So I just bought happiestonorich.com and redirected that to my voting link. What was the show you were
trying to pitch? It was win your own show on the Oprah Winfrey Network. Oh, so you'd be the host of it?
Yeah, it was just like there was no, I don't even remember if there was an idea for the show.
It was like, hey, look at me.
That's probably why I didn't win.
You're like, why wouldn't you give me a show?
Yeah.
Look at this beluga head.
Yeah.
So, yeah, I didn't win.
I did get some votes, but I think my mom was the majority vote.
She was operating at that point like a Russian bot.
She was just sitting there like voting all day long.
Yeah, she's a huge fan.
Huge shout out to mom.
Shut up, mom.
Yeah.
So that was okay.
That was like a good creative outlet for me because I turned it into a video blog after the
contest was over.
I turned it into a video blog.
I started getting comfortable in front of the camera.
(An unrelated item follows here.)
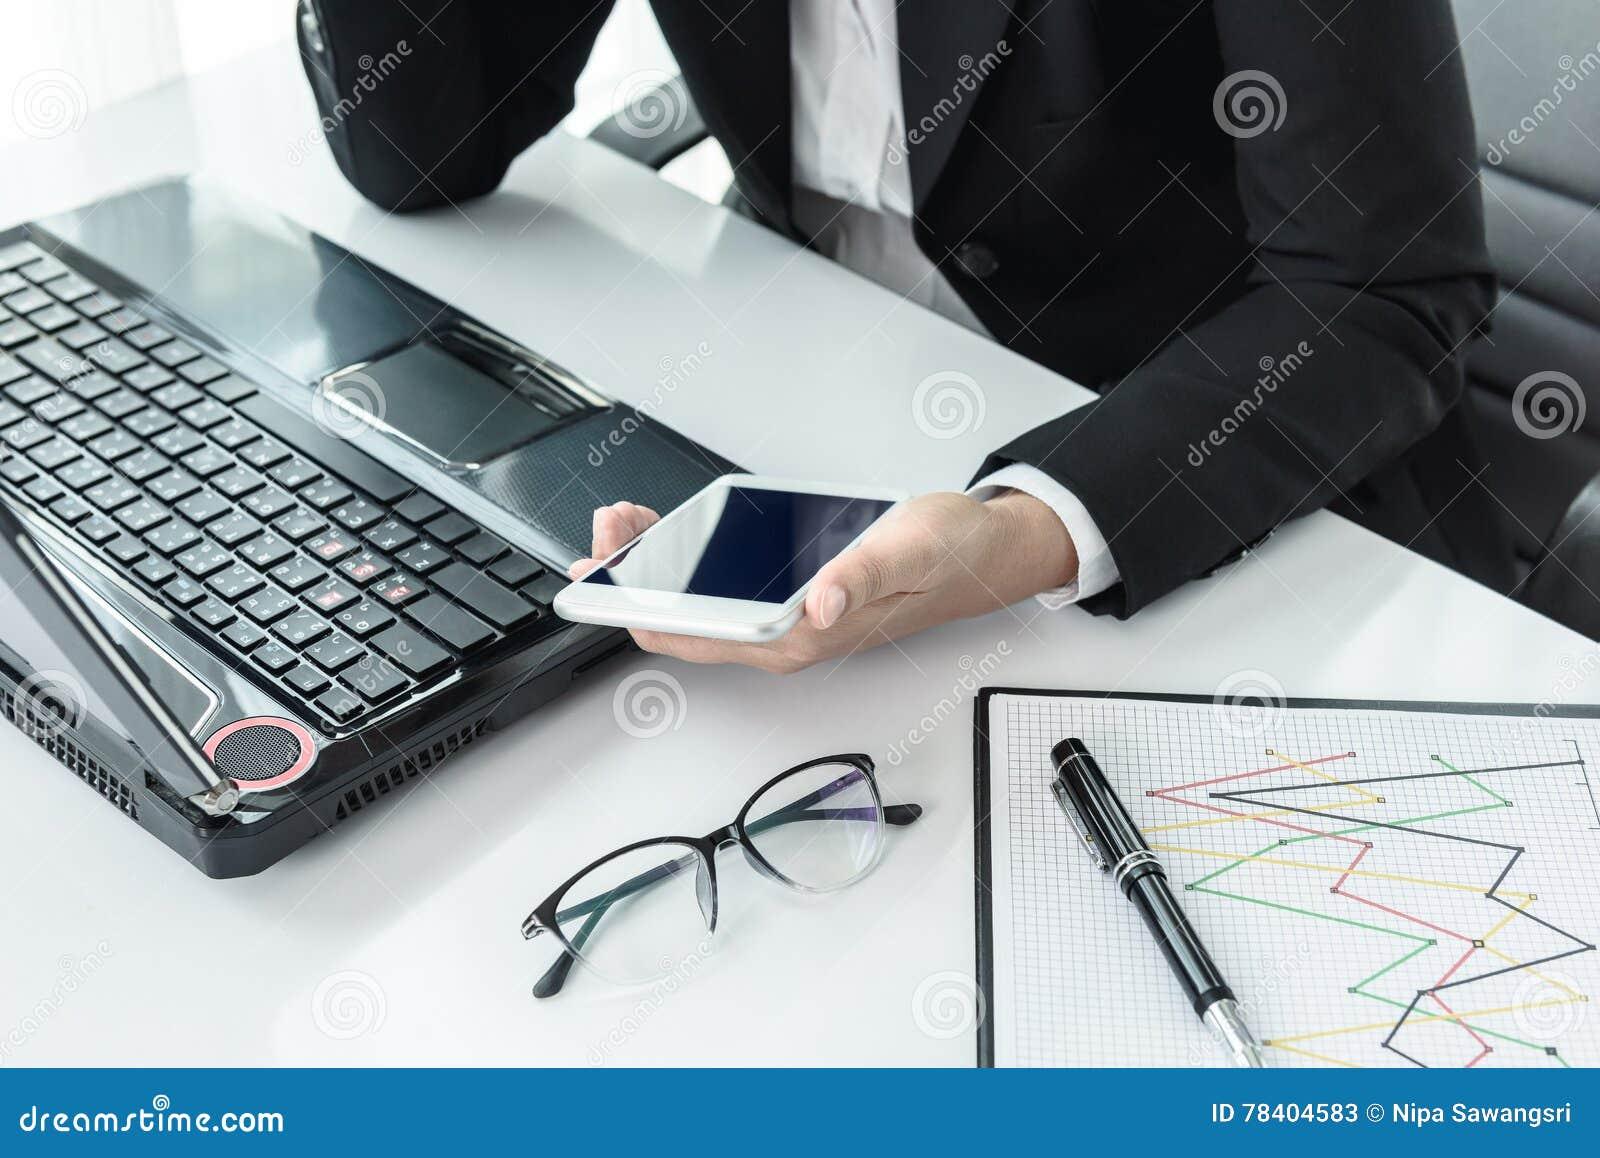 Onderneemster die met moderne apparaten werken labtop computer en m stock afbeelding - Moderne apparaten ...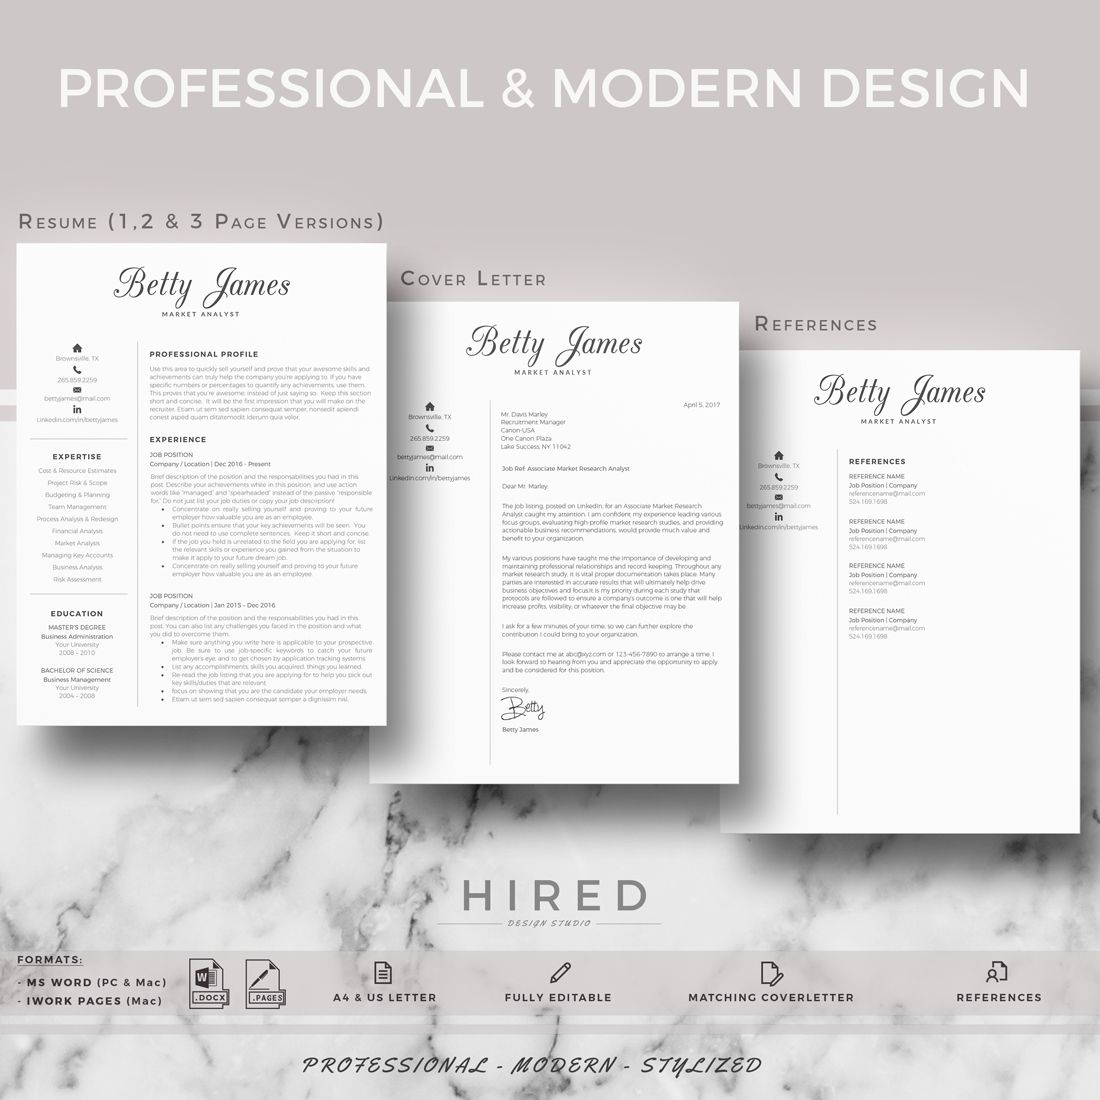 Resume template CV template Professional & modern

Then that died because I let it.
Then I had a website called I found money today.com where I would leave money in areas of the city.
Every day I would leave $5 like in a Dunkin' Donuts bathroom or a Chipotle seat.
Like I just left it or I'd leave it on the Long Island Railroad.
train and take pictures of it and then write stories about like who was around what I thought
would happen, what I hoped would happen, whatever.
Who doesn't like finding money today?
Yeah.
Or whatever.
Yeah.
Ever.
And it was five bucks so nobody felt bad about it.
It was like the perfect thing.
And then I won a Webby Award for that.
Oh shit.
Which was great.
That's huge.
Oscars of the internet.
Yes.
I got to go to the show.
I think Patton Oswald was hosting it that year.
That was a big deal for me.
Yeah.
But then I didn't keep up with it.
Yeah.
loser self-hatred self-loathing yeah that was pretty mean that was pretty mean to myself yep yes but I was
selling fence at the time so I was like I had just gotten married and my therapist was like you have to
treat everything as a commitment until until it's not and if you don't feed it it won't grow exactly so like
your marriage you've decided like you're not going to date other people obviously if you work for this fence
company like just be like just sell fence stop looking for this bigger better thing to come along and
I was like all right yeah that makes sense and I made that decision and then I was like I'm not doing
anything else I'm going to sell fence for the next 20 years 25 years make a nice living have plenty of time
for my family not going to be rich not going to be poor I can nap during the day if I want you know what I
mean like it was it was a good life nap in between fence and then yeah and then all of a sudden
I emailed the fat Jewish one day
because I was on Reddit
and I saw he had just posted something
that I had just seen
and I was like cold email
my name on Instagram
Tank Sinatra actually comes from that email
because he's the fat Jewish
so in the email subject I wrote
Tank Sinatra
so he just quickly came up with it
to be like silly
like some kind of catchy email subject line
and I was like hey man I'm up the internet's ass
24 7 if you ever need help finding content
or make whatever like just let me know he responded instantly and was like I actually do I have
this going on that going on you know whatever and I sent him like 10 memes or 15 or 20 or it was an
absurd amount within like two minutes he's like you could do this every day I was like I could do this
every hour I didn't know you started with the fat you wish oh yeah so he was I was feeding him content
yeah he was posting it yeah um and then he started reposting stuff and tagging me
Taking my account.
So my account started growing a lot fast.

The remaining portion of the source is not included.